Delegates to ExArrow.Parquet.Reader.from_file/1, tags the stream with source: {:parquet, path}, and emits a [:ex_arrow, :parquet, :read] telemetry event on successful open. Returns {:ok, stream} or {:error, message}.

Example

{:ok, stream} = ExArrow.Stream.from_parquet("/data/events.parquet")

from_parquet_binary(binary)

@spec from_parquet_binary(binary()) :: {:ok, t()} | {:error, String.t()}

Open a Parquet stream from an in-memory binary.
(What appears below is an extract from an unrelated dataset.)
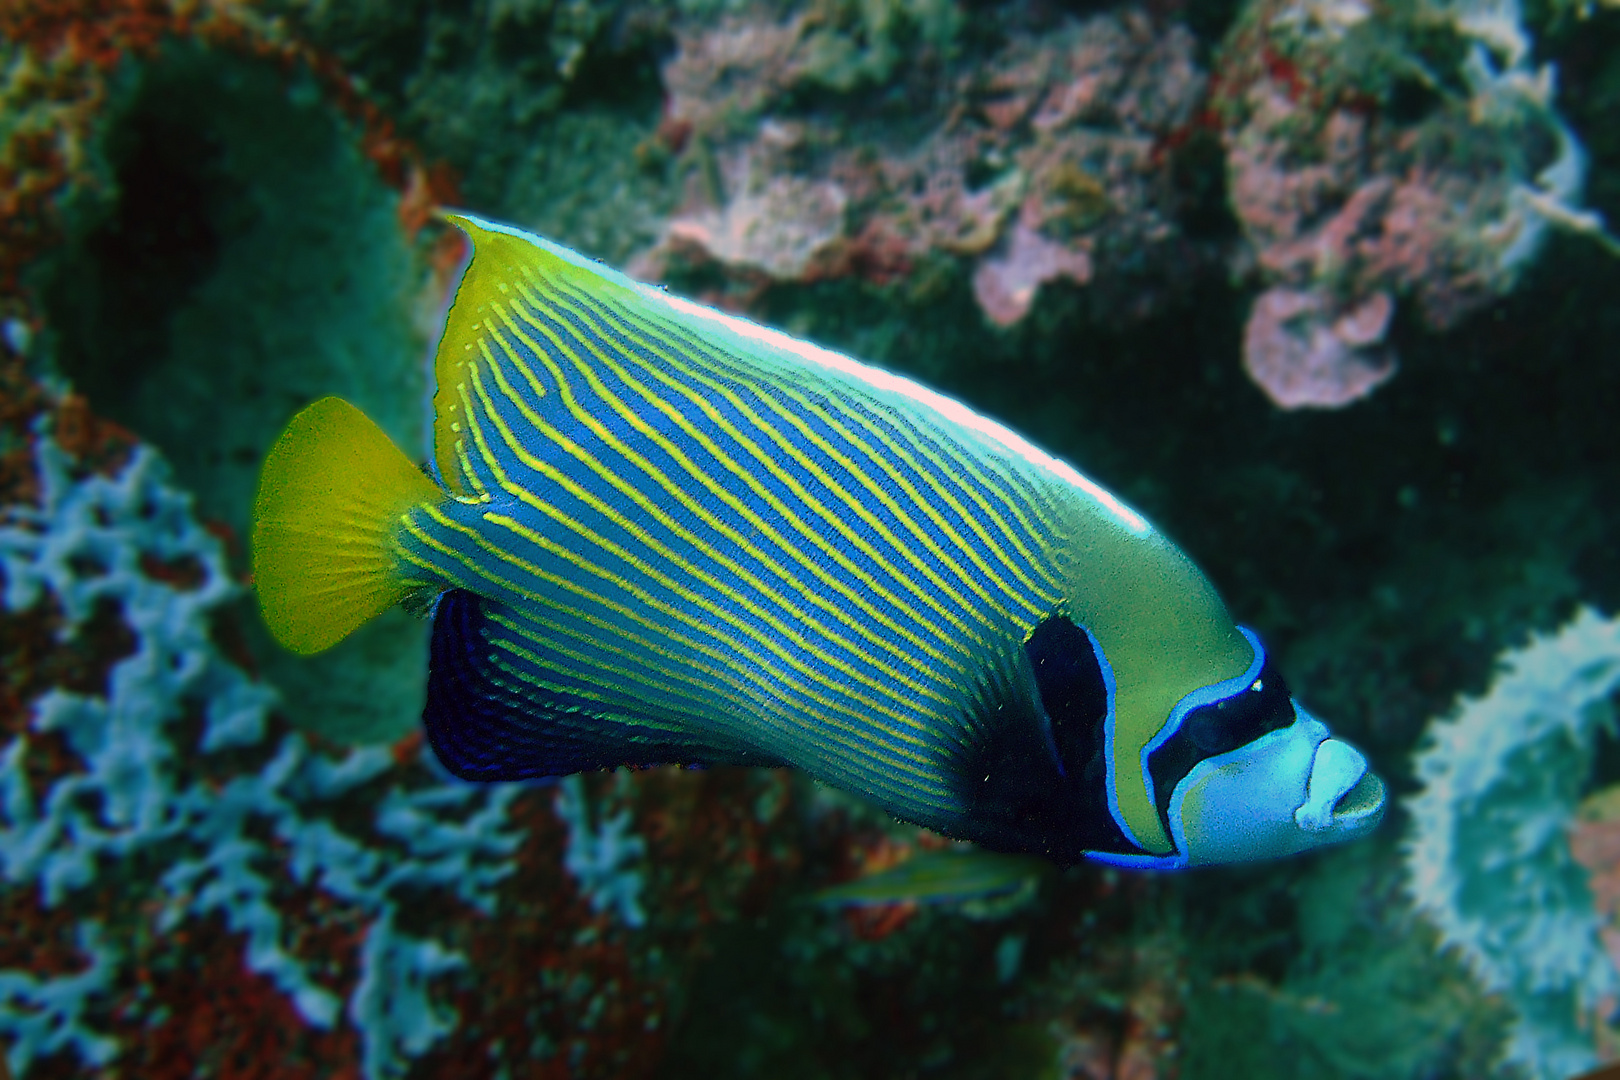 Picturesque lined emperor angelfish

Delegates to ExArrow.Parquet.Reader.from_binary/1 and emits a [:ex_arrow, :parquet, :read] telemetry event on successful open with source: :binary.

next(stream)

@spec next(t()) ::
  ExArrow.RecordBatch.t()
  | nil
  | {:error, String.t()}
  | {:error, {atom(), non_neg_integer(), String.t()}}

Returns the next record batch from the stream, or nil when done. Returns {:error, message} on read error.

For :flight_sql streams, read errors carry a structured 3-tuple so callers can distinguish gRPC codes:

{:error, {code_atom, grpc_status_integer, message}} |
{:error, string_message}

Enum.* / Stream.* functions raise on any error shape. For recoverable error handling iterate with next/1 directly.

schema(stream)

@spec schema(t()) :: {:ok, ExArrow.Schema.t()} | {:error, String.t()}

Returns the schema of this stream (without consuming it). Returns {:error, message} if the stream is invalid (e.g. poisoned lock).

source(stream)

@spec source(t()) :: term()

Returns the origin metadata attached to this stream by the from_*/ constructors. The value is backend-specific (e.g. {:parquet, path} or {:flight_sql, sql}) and is forwarded to telemetry events as :source.

to_list(stream)

@spec to_list(t()) :: [ExArrow.RecordBatch.t()]

Collects all remaining batches from the stream into a list.

Stops at the first error and raises. Returns an empty list for an already-exhausted stream.